The modern bullion bar range, launched in 2021 as the inaugural release of the Great Engravers bullion bar series, makes this 187-year-old design available at bullion-grade premiums. Designer Jody Clark reinterpreted Wyon's composition for the rectangular bar format, shifting the imagery from Victoria leading the lion (the 1839 reading) to monarch and lion facing forward together. The bars are available in 1 oz, 10 oz, and 100 oz silver, plus a 1 oz gold bar. All silver bars are .9999 fine.

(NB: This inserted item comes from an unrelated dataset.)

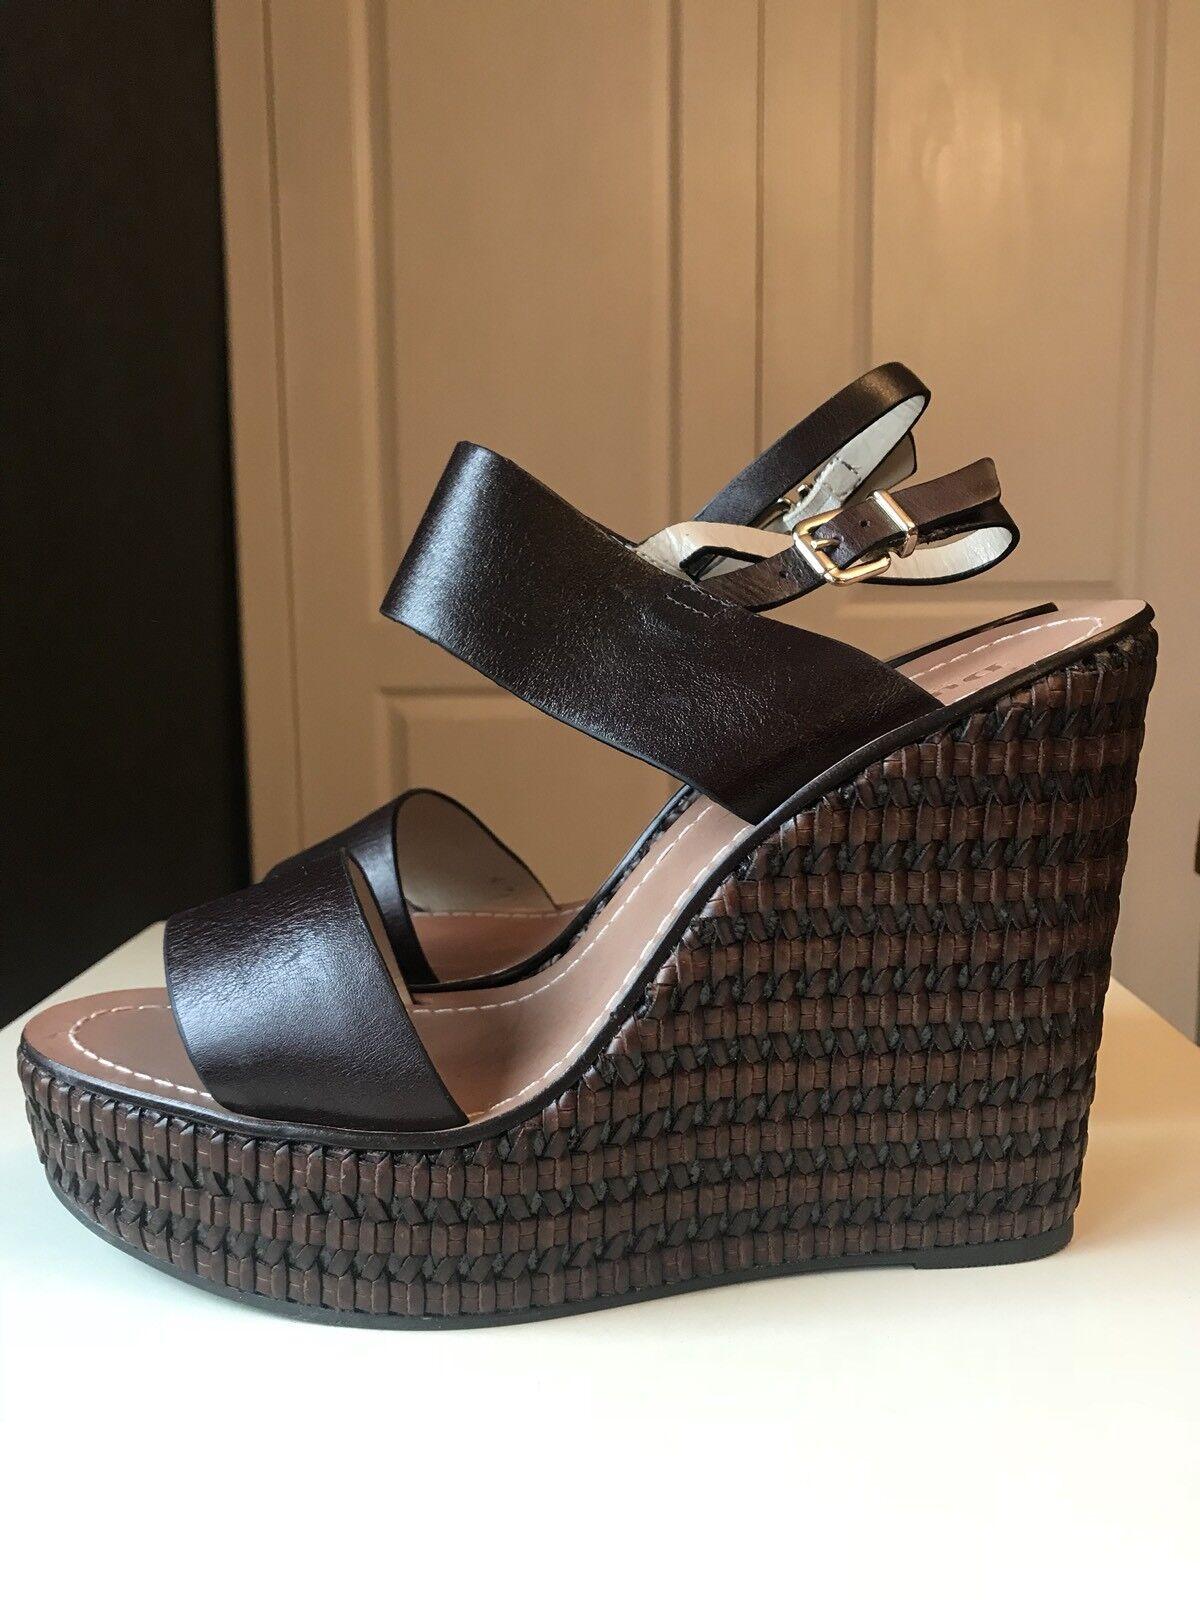 Duna Damas Damas Damas Mujeres Cuero Marrón Zapato De Cuña Sandalia De Plataforma De Mujer Talla 7 40  el precio más bajo
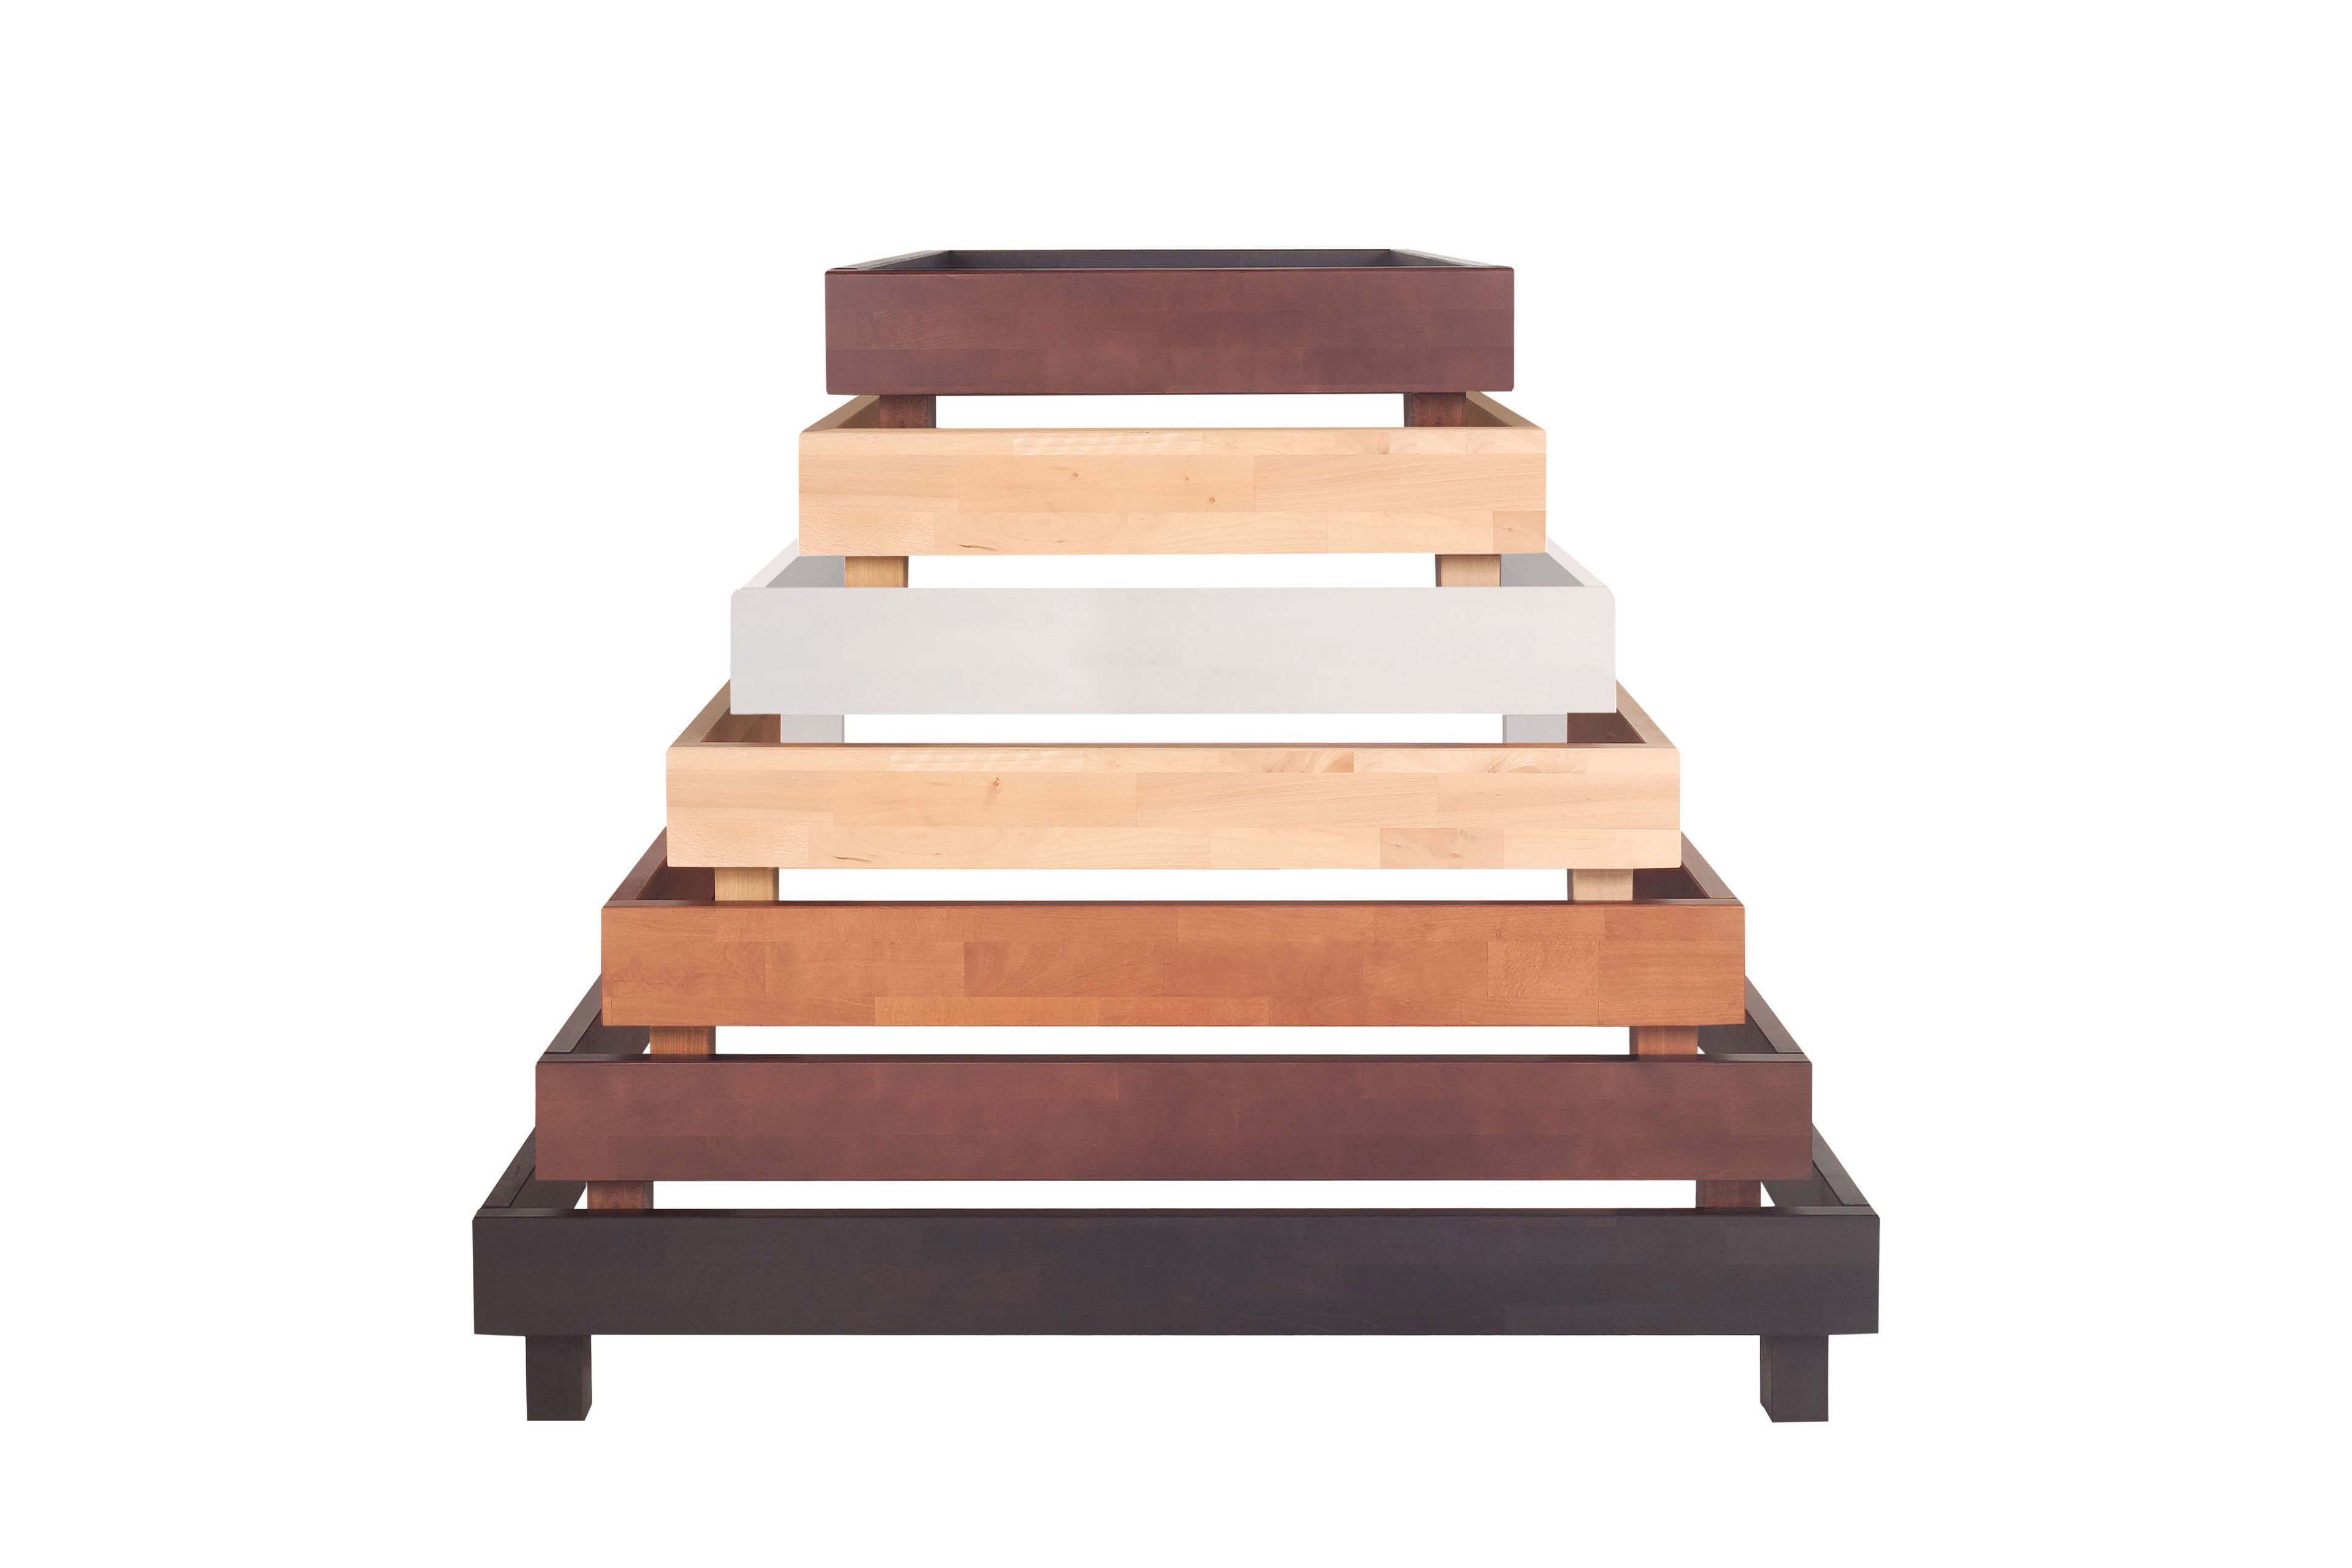 Modular Primolar serino Bett Buche/ braun | Möbel Letz - Ihr Online-Shop

These are minted (struck) bars rather than cast, giving them sharper surface detail than typical bullion bars. Initial distribution was exclusive to LPM Hong Kong in February 2021 before widening to global dealers. The Great Engravers Collection later expanded to include the Three Graces bars, another Wyon design, establishing a format for translating historically significant coin designs into the bullion bar market.
Una and the Lion Bar Dimensions and Mintage
| Format | Weight | Purity | Dimensions | Mintage |
|---|---|---|---|---|
| 1 oz Silver Bar | 31.1 g | .9999 fine | 49.96 x 28.98 mm | 35,000 |
| 10 oz Silver Bar | 311 g | .9999 fine | 89.79 x 51.74 mm | 6,100 |
| 100 oz Silver Bar | 3.21 kg | .9999 fine | 132.11 x 78.16 mm | 1,200 |
| 1 oz Gold Bar | 31.1 g | .9999 fine | 49.96 x 28.98 mm | 4,000 |
The 100 oz silver bar is notable for being a minted (struck) product at that size. Most bars above 10 oz are cast rather than struck, because the pressure required to achieve a clean strike on a 3.2-kilogram piece of silver is considerable. The Royal Mint's decision to strike rather than cast maintains the fine detail of Jody Clark's Una design across the full surface, but it also explains the limited 1,200-piece production run and the bar's positioning as a premium product.
All bars feature the Royal Mint shield logo with weight and purity markings on the reverse. The bars arrive in sealed Royal Mint packaging with tamper-evident seals. The 100 oz bar includes a presentation box. These are undenominated products with no face value. The 2019 proof coins bearing the Una and the Lion design are distinct products: they carry denominations (making them UK legal tender) and were issued in different weights and finishes.
Bar vs Coin: The Tax Distinction
The single most important thing to understand about the Una and the Lion range is the difference between the bullion bars and the proof coins. The bars have no face value and no legal tender status. The proof coins (2019 onwards) carry denominations and are UK legal tender. This distinction drives a material difference in tax treatment, particularly in the United Kingdom.
United Kingdom: Gold bars are VAT-free under the investment gold exemption. Silver bars carry the standard 20% VAT. Neither gold nor silver bars are CGT-exempt, because CGT exemption requires UK legal tender status. The Una and the Lion proof coins, with their face values, are CGT-exempt. This is a common point of confusion: being made by The Royal Mint does not confer CGT exemption. Only the denomination does. Capital gains on bars are taxed at the individual's rate (18% basic, 24% higher) after the £3,000 annual allowance.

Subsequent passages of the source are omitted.